ST JAMES Primary School students have banded together to help raise awareness for Muscular Dystrophy, after one of their peers was diagnosed with the genetic disorder.

Dressing up as superheroes, the children wanted to help their classmate Brodie Blacker who was diagnosed with Muscular Dystrophy weeks after his 7th birthday in April, 2015.

Brodie's mother Gemma Blacker said she always knew there was something wrong with her youngest of four children but was relieved when she finally got the diagnosis.

"It was a relief and a burden because it turned my life upside down,” Ms Blacker said.

"He doesn't produce dystrophin so his muscles will deteriorate over time.

His heart is obviously muscle so overtime he could get scoliosis because all the muscles in his body will deteriorate.

He'll most likely be in a wheel chair full time within two years.”

Ms Blacker said it's been a tough road as a single mum trying to deal with her son's rare condition.

"I give him steroids every morning to stop him falling over because it's the only thing that will strengthen him,” she said.

"I have a choice at the moment to give him heart medication but there's no data to prove that it's effective if I give it to him now while his heart is still healthy but it has serve side effects.”

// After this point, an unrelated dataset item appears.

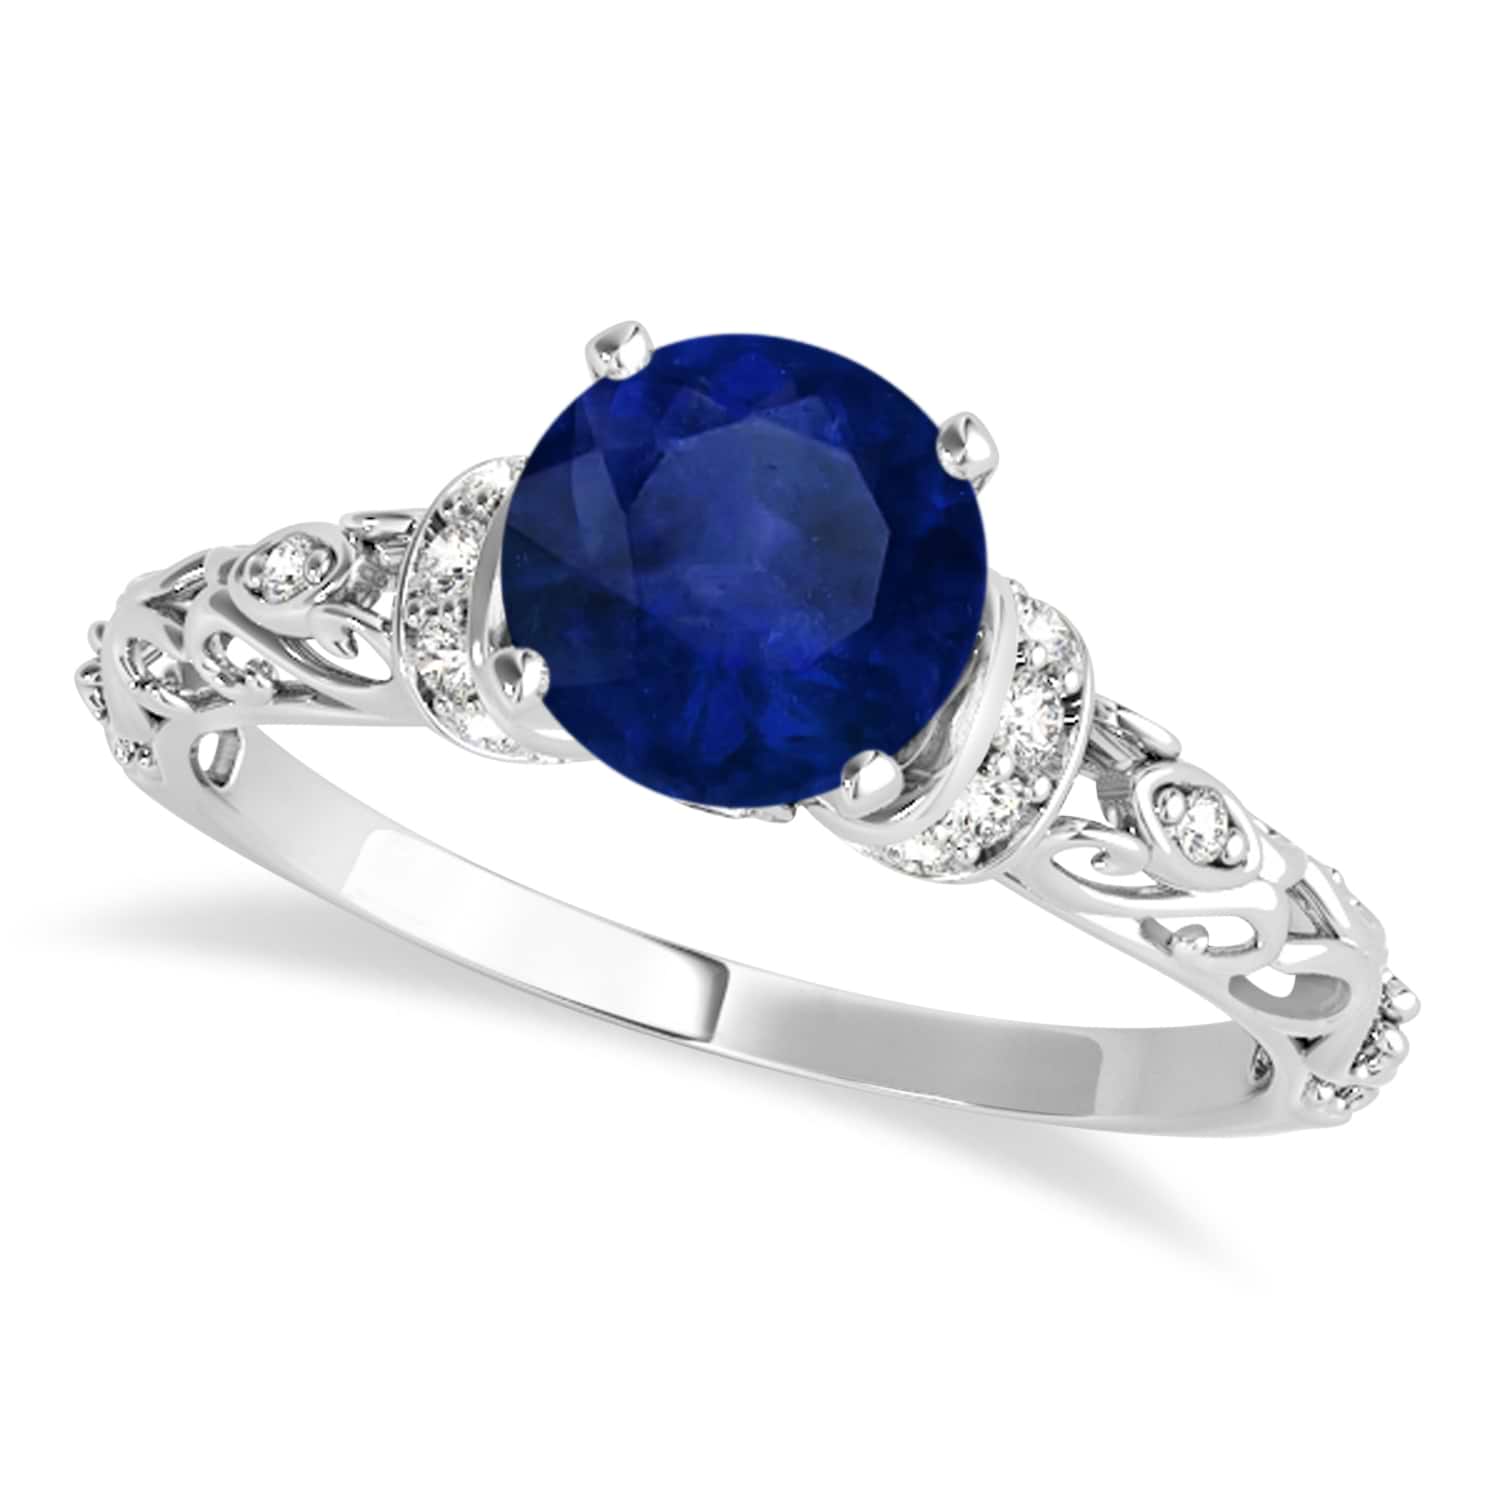 Blue Sapphire & Diamond Antique Style Engagement Ring 18k White Gold (1.12ct)

Brodie's second grade teacher Bernadette Neville the school is learning to accommodate for the 8 year old during school hours.

"In the classroom he does short bursts of activities and a lot of tasks he'll do with the iPad instead of writing because his wrists get sore,” Ms Neville said.

Ms Neville said the school is helping to educate the kids about Brodie, including having Brodie's physiotherapist talk at the school about what muscular dystrophy.